In part 1 of this release blog series2020欧洲杯投注备用 we introduced the latest version of the which enables you to connect to Kubernetes and OpenShift. On top of that a brand new to support even more interesting algorithms from the world of machine learning and deep learning! Over the past few months, our customers’ data scientists have asked for various new algorithms and use cases they wanted to tackle with DLTK. The four new examples below are a subset of those and should also be helpful starting points for others.
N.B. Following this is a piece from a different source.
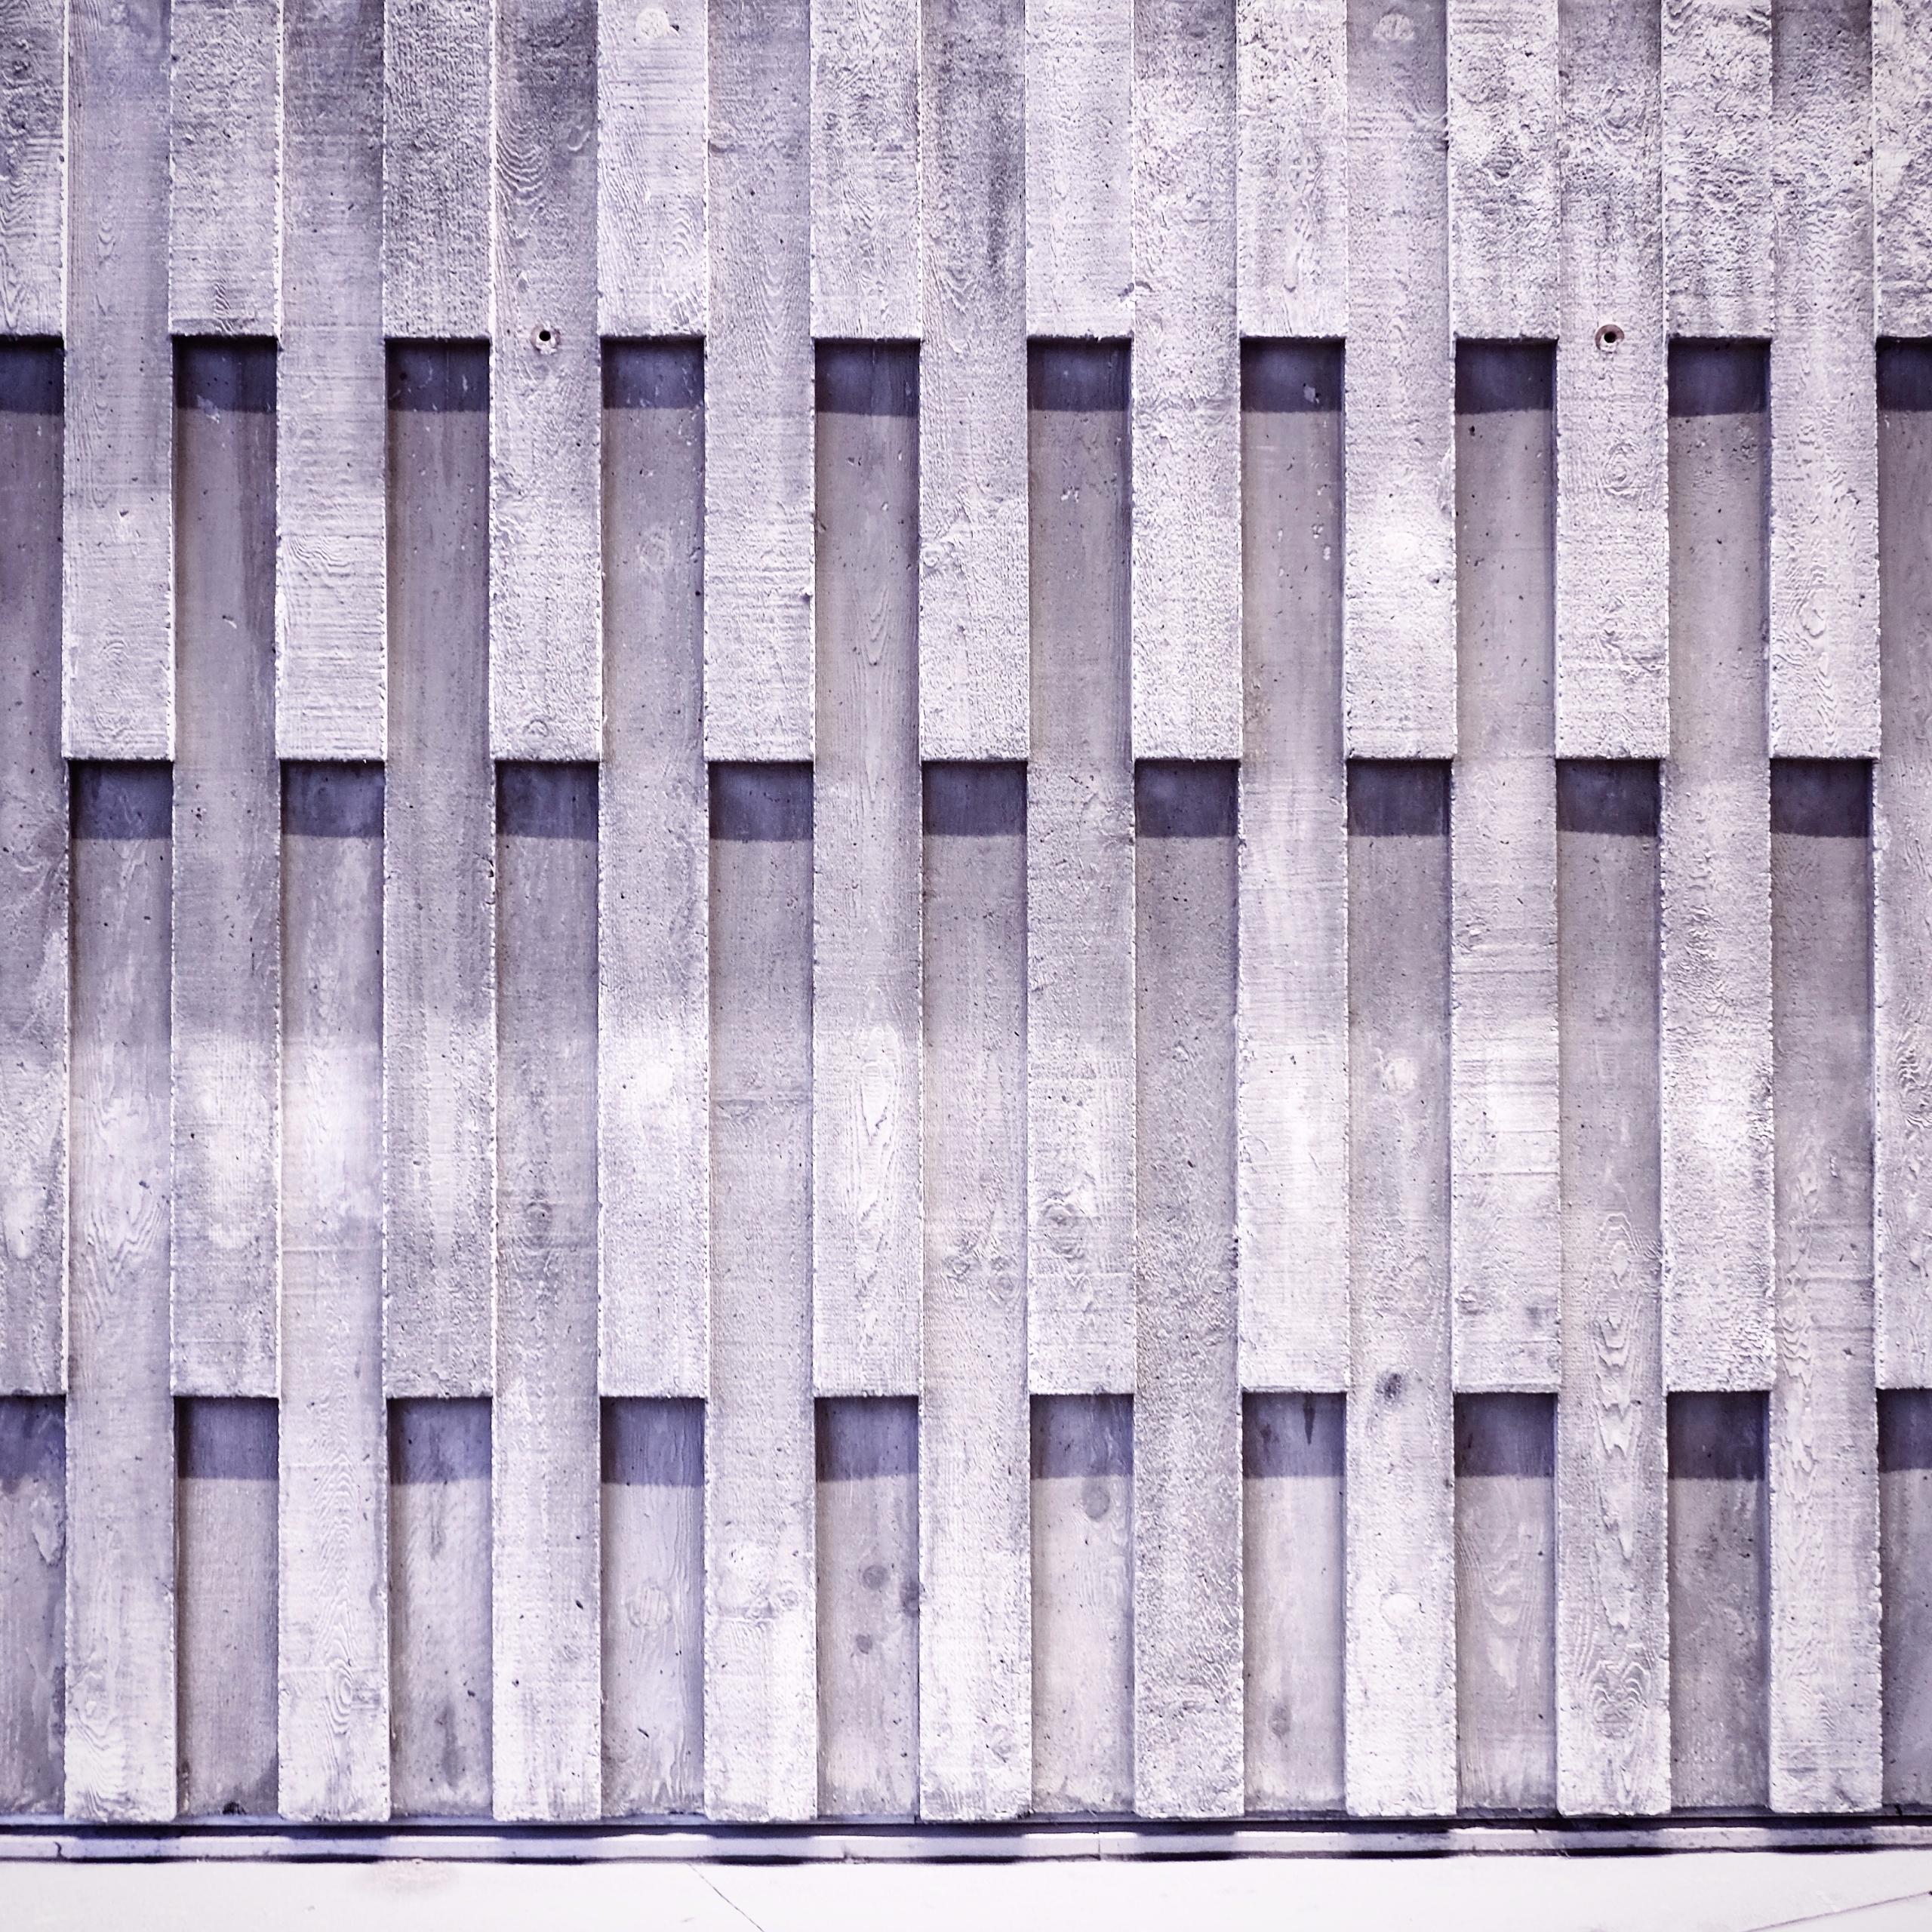 Concrete pattern. Clever, timel - danhogman | ello

DASK for Distributing Machine Learning Workloads
2020欧洲杯投注备用Machine learning workloads can easily consume more compute time, especially when it comes to larger or more complex datasets. It’s no secret that distributing such workloads helps speed up training times or tasks like . In the Python ecosystem, provides advanced parallelism for analytics, enabling performance at scale. Dask also provides some distributed machine learning algorithms via . The example below shows how a parallel implementation of K-Means can be easily integrated into Splunk using the Deep Learning Toolkit and developed and monitored in Jupyter Lab.
Device Agnostic PyTorch Example for CPU and GPU
2020欧洲杯投注备用When you connect the Deep Learning Toolkit to a GPU enabled Docker or Kubernetes environment, you can accelerate model training significantly. Benchmarking the dataset from the , we achieved a speedup of over 40x when we ran the example neural network classifier on a GPU compared to the CPU baseline. To put this into perspective: a training job that took over 30 minutes on CPU was cut down to a total of 45 seconds including data transfer overhead on a GPU. That’s pretty useful for much more agile data science iterations and accelerating model creations.
Luckily, PyTorch easily allows you to write that runs both on CPU and GPU using the .to(device) magic with minimal impact on your model code. We have added examples that show this functionality for a simple multiclass neural network classifier to get you started quickly.
Forecasting with Prophet
Built by team, based on an additive model where non-linear trends are fit with annual, weekly, and daily seasonality, plus holiday effects. It works best with time series that have strong seasonal effects and several seasons of historical data. Prophet is robust to missing data and shifts in the trend and typically handles outliers well.
Despite the fact that the forecast (green line) on the dashboard above is far from perfect, it can definitely serve as an example to get started quickly with experimentation. However, it also clearly shows that not every time series dataset is perfectly suited for Prophet, so don’t forget to check other robust forecasting methods like the in , which can be easily applied with the .
Graph Analysis with NetworkX
You may have read about the latest possibilities for graph analytics in Splunk using the freely available app from splunkbase. My colleague Greg recently published two articles on how those techniques can be used for understanding and baselining network behavior.
2020欧洲杯投注备用If it comes down to quickly developing code or experimenting with graph models, the graph analysis example in should help you get started quickly and explore more advanced modelling techniques with graphs.
Big Thanks to the Community
Recently a DLTK user in Japan built an extension to be able to apply the library on Japanese Language text and to make the NLP example work for Japanese. Luckily we were able to get his contribution merged into the DLTK 3.1 release. I’m really happy to see this community mindset and I want to thank you, for your contribution, ありがとうございました!
Last but not least I would like to thank so many colleagues and contributors who have helped me finish this release. A special thanks again to Anthony, Greg, Pierre and especially Robert for his continued support on DLTK and making Kubernetes a reality today!
With the and the recently opened 'Call For Papers' I want to encourage you to by May 20. Let me know in case you have any questions!